Why must a QA Engineer defend the validity of his automated checks to his manager? Why must an Ops person wake up in the middle of the night to try and resolve these intermittent problems? This isn’t fair for anyone, and problems begin in a company when people don’t feel like they are treated fairly.
Had I coded or tested this functionality, I would man up, get out of bed, and fix my error. First, because it’s annoying to the end user. And second, because I wouldn’t want to burden my teammates with my mistakes. Would you?
Ultimately, the problem does not lie with a “flaky” check as suggested by management. Rather, the problem is in the faulty code of the application, which could be easily found and fixed. Killing the messenger (aka the automated check) for telling you the truth is not going to make the truth disappear. Instead, it will just delay the truth’s appearance until it comes back as something worse, like a client complaint.
One More Thought
Let’s think about this.

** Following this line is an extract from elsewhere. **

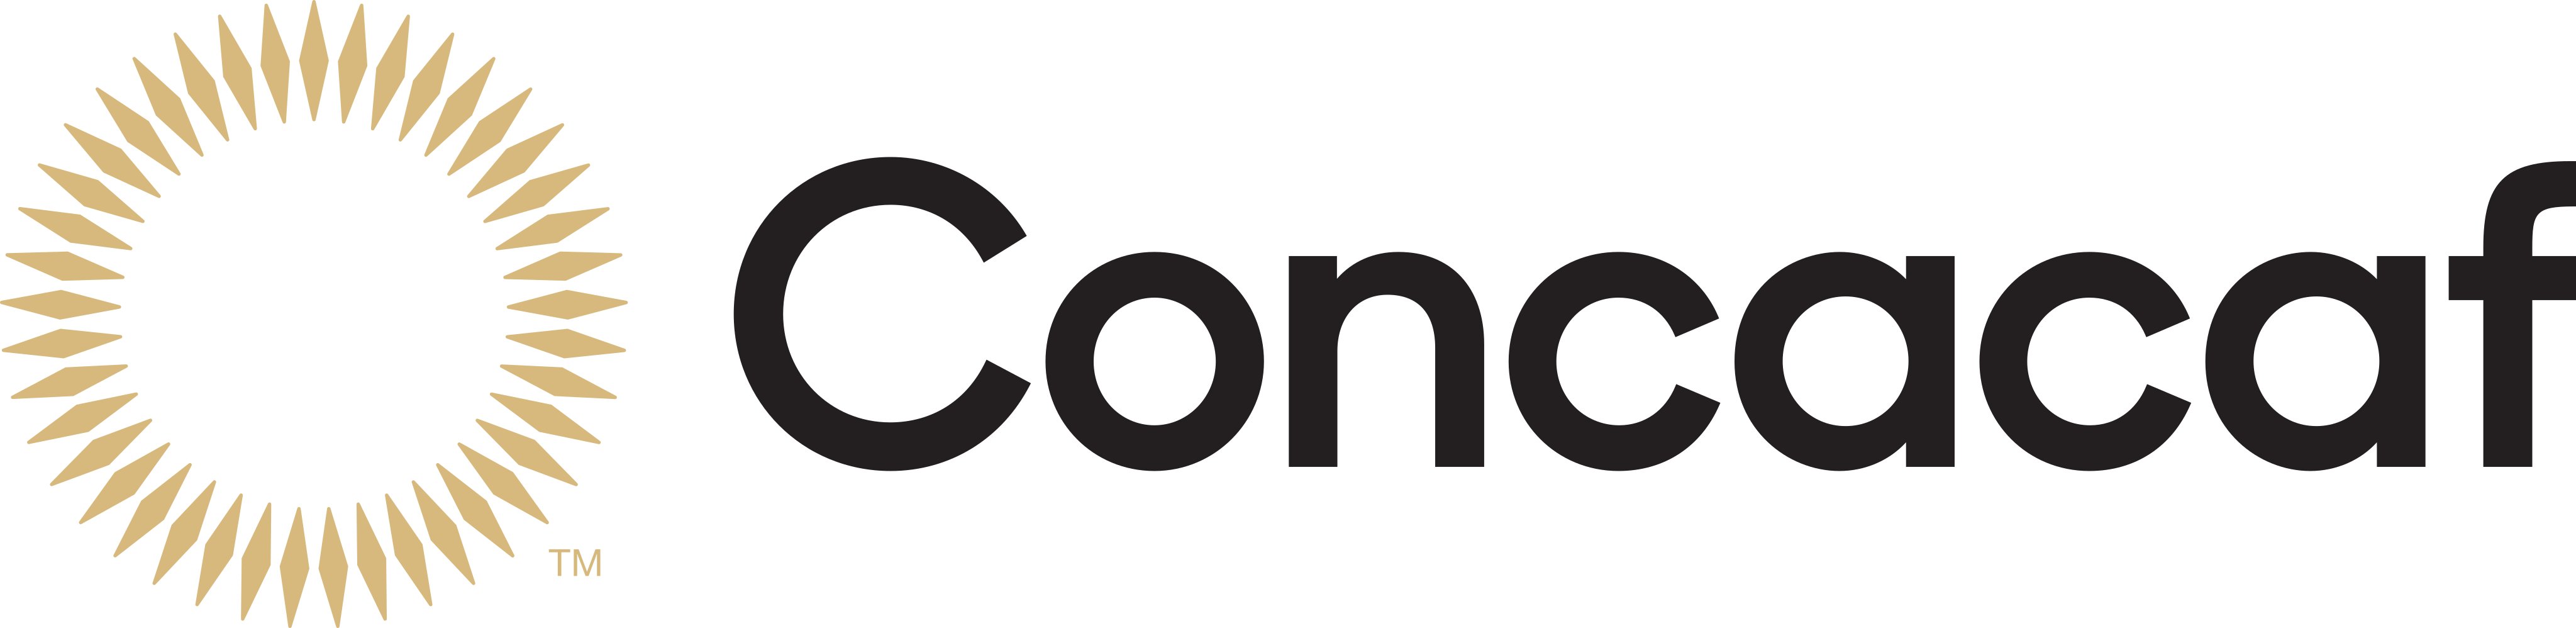 concacaf logo - CONCACAF Logo

Even if all of my assertions are complete nonsense (which happens sometimes, I admit), are we willing to lose the functionality coverage of one of the most important components of our application, the login?

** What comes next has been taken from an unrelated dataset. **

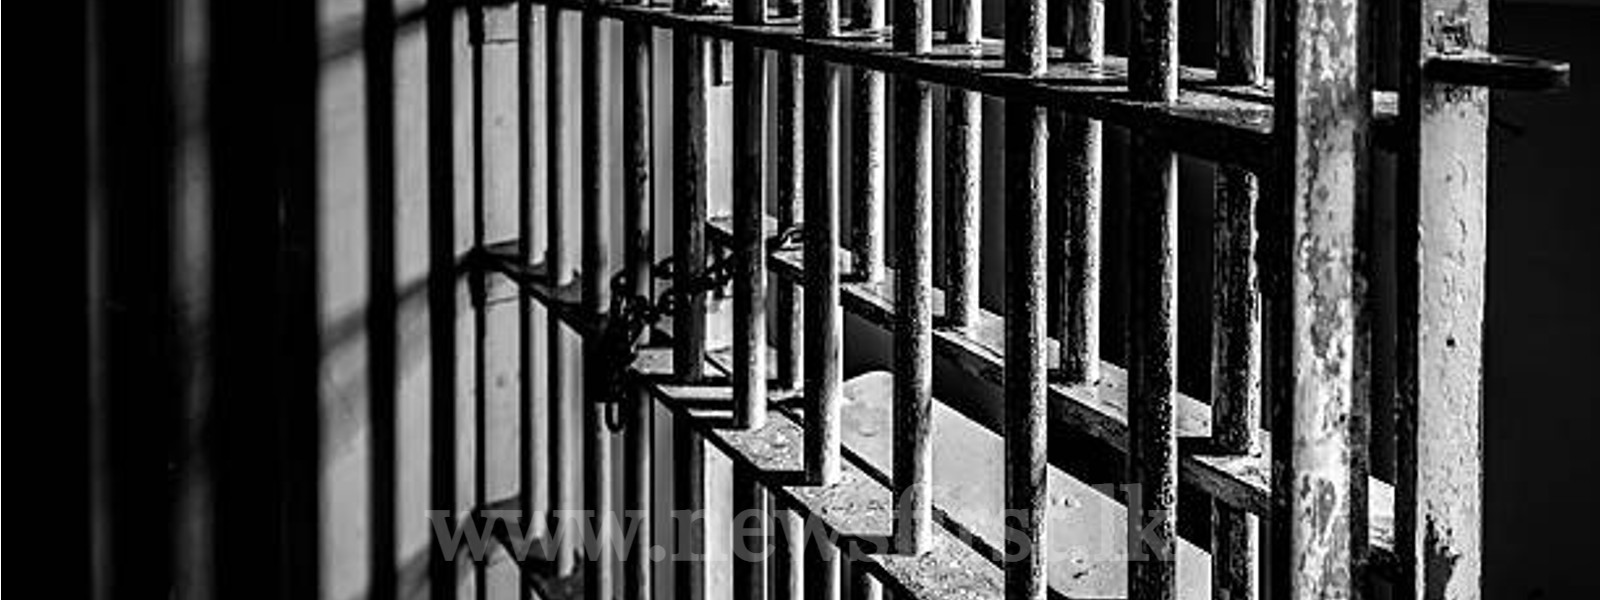 ‘Sathi Pasala’ to be established at Welikada prison to rehabilitate inmates

Because of a “flaky” automated check, do we really want to stop monitoring to make sure that a user can always successfully login and load the application? The user can have issues at many points throughout the flow of this use case:
- The iframe may not load
- They may not be able to login
- Maybe they logged in, but the application doesn’t load
- Maybe the application loads, but not completely
If the iframe loading can be unstable, imagine the other negative user experience problems that can occur.
To turn off, or even cover up the complaints from this test, would mean losing some of the most critical monitoring for our application. If a user cannot login to our app, they can’t use it and they can’t pay us. Therefore, it makes no sense to turn off or pad the check just so that it passes and allows our team members to sleep peacefully under a blanket of false comfort.
What have we learned?
So through this entire tirade, there was actually some really good information that I wanted to convey. Regardless of whether I was successful or not, I will re-emphasize those points here:
- Usually, a “flaky” check is not actually flaky, rather, the code running the application is the unstable culprit. If you have a moderate understanding of automated software testing and follow automation testing best practices like the Page Object Pattern or KISS, then you can be almost sure that your tests are mostly stable. Obviously, if you are doing silly things like implicit waits, waits that are unrealistically short, or other automation anti-patterns, your tests are probably much less stable.

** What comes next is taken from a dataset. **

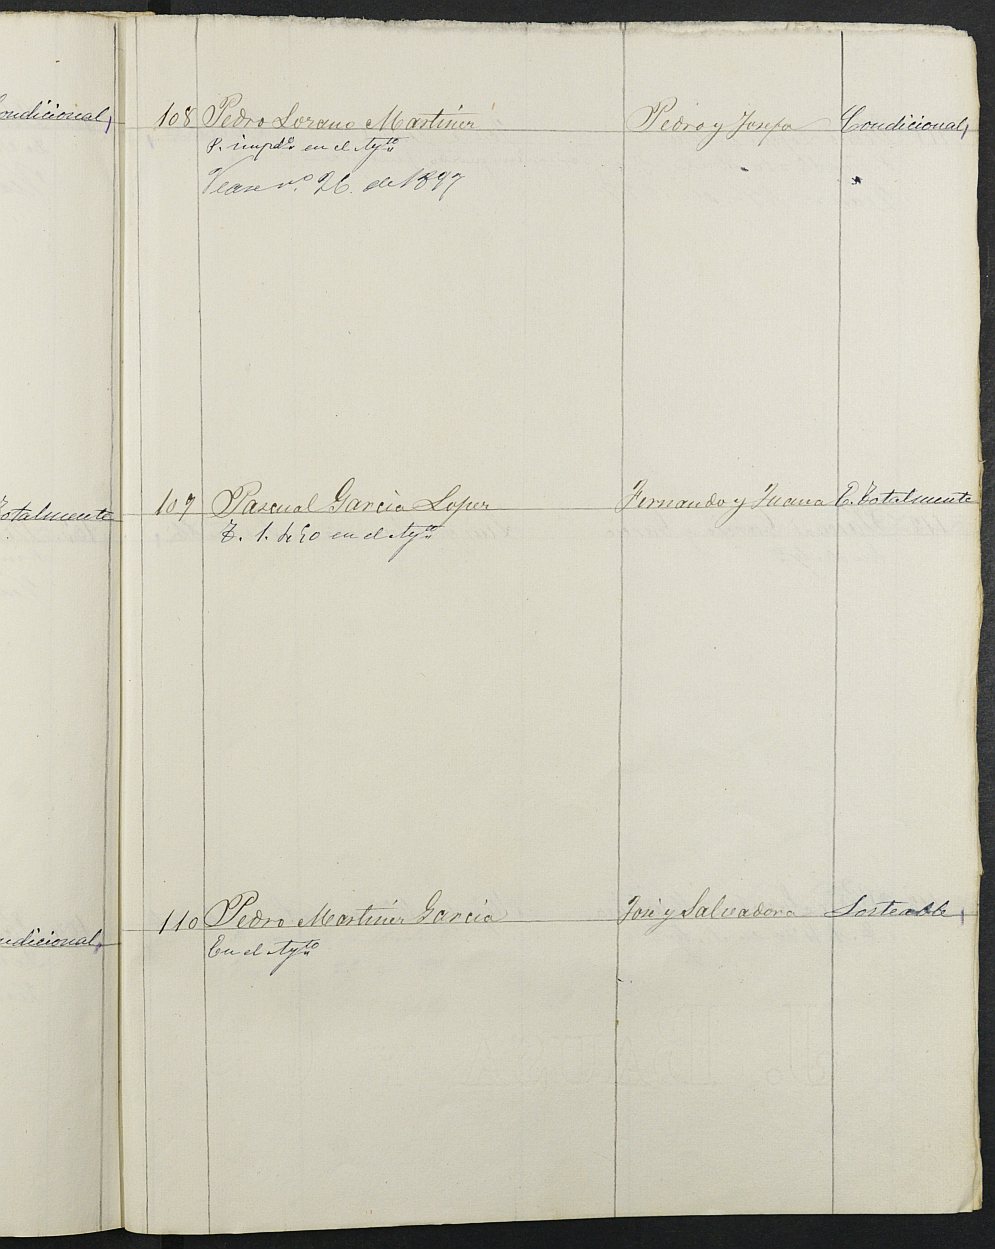 Relación de individuos declarados soldados e ingresados en Caja Moratalla de 1896.

- If you can prove that your automated check isn’t “flaky”, then the only solution to the failures is to fix the code.
- Often we are faced with tough situations where a manager may disagree with your opinion. In that case, do your best to present all of the facts regarding why the automated check is failing in the first place. Convey to your superior that covering up inconsistent failures does not actually fix the bugs. Rather, people need to be held responsible for the code that they produce.
- Test early, test often. Although I did not specifically talk about this topic, this is one of the widely accepted ways to prevent bad code from happening. By making the code more testable, testing it earlier in the lifecycle, and testing more often, we can have less production issues and more sleep. Now that sounds like a win for everyone!
What are your thoughts? Do you agree or disagree with my assertions? Have you faced such issues before and, if so, how did you handle them?